| Action item |
Repeat every line of the material below exactly.

### Data for processing

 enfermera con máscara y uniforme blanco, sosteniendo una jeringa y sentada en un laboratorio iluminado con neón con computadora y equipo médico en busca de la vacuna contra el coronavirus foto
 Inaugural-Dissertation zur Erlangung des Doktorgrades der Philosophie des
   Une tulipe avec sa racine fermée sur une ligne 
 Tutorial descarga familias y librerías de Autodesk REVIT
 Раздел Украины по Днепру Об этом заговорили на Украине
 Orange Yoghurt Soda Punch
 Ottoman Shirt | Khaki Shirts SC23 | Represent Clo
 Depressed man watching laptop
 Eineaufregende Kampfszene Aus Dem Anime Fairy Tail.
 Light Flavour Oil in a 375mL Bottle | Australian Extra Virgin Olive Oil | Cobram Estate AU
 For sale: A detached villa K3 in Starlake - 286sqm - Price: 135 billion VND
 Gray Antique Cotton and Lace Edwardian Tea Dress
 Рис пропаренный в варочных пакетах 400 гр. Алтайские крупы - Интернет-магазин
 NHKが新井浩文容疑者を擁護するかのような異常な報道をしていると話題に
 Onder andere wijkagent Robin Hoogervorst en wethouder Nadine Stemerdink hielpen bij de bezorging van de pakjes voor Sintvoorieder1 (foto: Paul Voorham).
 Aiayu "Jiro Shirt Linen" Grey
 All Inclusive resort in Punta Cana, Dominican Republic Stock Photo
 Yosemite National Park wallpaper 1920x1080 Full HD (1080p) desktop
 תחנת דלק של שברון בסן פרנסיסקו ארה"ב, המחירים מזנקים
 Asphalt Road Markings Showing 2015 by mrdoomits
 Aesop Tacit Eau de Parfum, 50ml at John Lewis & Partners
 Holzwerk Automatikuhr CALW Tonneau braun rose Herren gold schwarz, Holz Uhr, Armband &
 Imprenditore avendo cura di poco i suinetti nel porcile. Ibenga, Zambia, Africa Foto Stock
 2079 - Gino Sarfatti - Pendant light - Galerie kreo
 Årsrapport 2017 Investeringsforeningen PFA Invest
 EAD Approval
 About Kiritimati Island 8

######

| Expected answer |
 enfermera con máscara y uniforme blanco, sosteniendo una jeringa y sentada en un laboratorio iluminado con neón con computadora y equipo médico en busca de la vacuna contra el coronavirus foto
 Inaugural-Dissertation zur Erlangung des Doktorgrades der Philosophie des
   Une tulipe avec sa racine fermée sur une ligne 
 Tutorial descarga familias y librerías de Autodesk REVIT
 Раздел Украины по Днепру Об этом заговорили на Украине
 Orange Yoghurt Soda Punch
 Ottoman Shirt | Khaki Shirts SC23 | Represent Clo
 Depressed man watching laptop
 Eineaufregende Kampfszene Aus Dem Anime Fairy Tail.
 Light Flavour Oil in a 375mL Bottle | Australian Extra Virgin Olive Oil | Cobram Estate AU
 For sale: A detached villa K3 in Starlake - 286sqm - Price: 135 billion VND
 Gray Antique Cotton and Lace Edwardian Tea Dress
 Рис пропаренный в варочных пакетах 400 гр. Алтайские крупы - Интернет-магазин
 NHKが新井浩文容疑者を擁護するかのような異常な報道をしていると話題に
 Onder andere wijkagent Robin Hoogervorst en wethouder Nadine Stemerdink hielpen bij de bezorging van de pakjes voor Sintvoorieder1 (foto: Paul Voorham).
 Aiayu "Jiro Shirt Linen" Grey
 All Inclusive resort in Punta Cana, Dominican Republic Stock Photo
 Yosemite National Park wallpaper 1920x1080 Full HD (1080p) desktop
 תחנת דלק של שברון בסן פרנסיסקו ארה"ב, המחירים מזנקים
 Asphalt Road Markings Showing 2015 by mrdoomits
 Aesop Tacit Eau de Parfum, 50ml at John Lewis & Partners
 Holzwerk Automatikuhr CALW Tonneau braun rose Herren gold schwarz, Holz Uhr, Armband &
 Imprenditore avendo cura di poco i suinetti nel porcile. Ibenga, Zambia, Africa Foto Stock
 2079 - Gino Sarfatti - Pendant light - Galerie kreo
 Årsrapport 2017 Investeringsforeningen PFA Invest
 EAD Approval
 About Kiritimati Island 8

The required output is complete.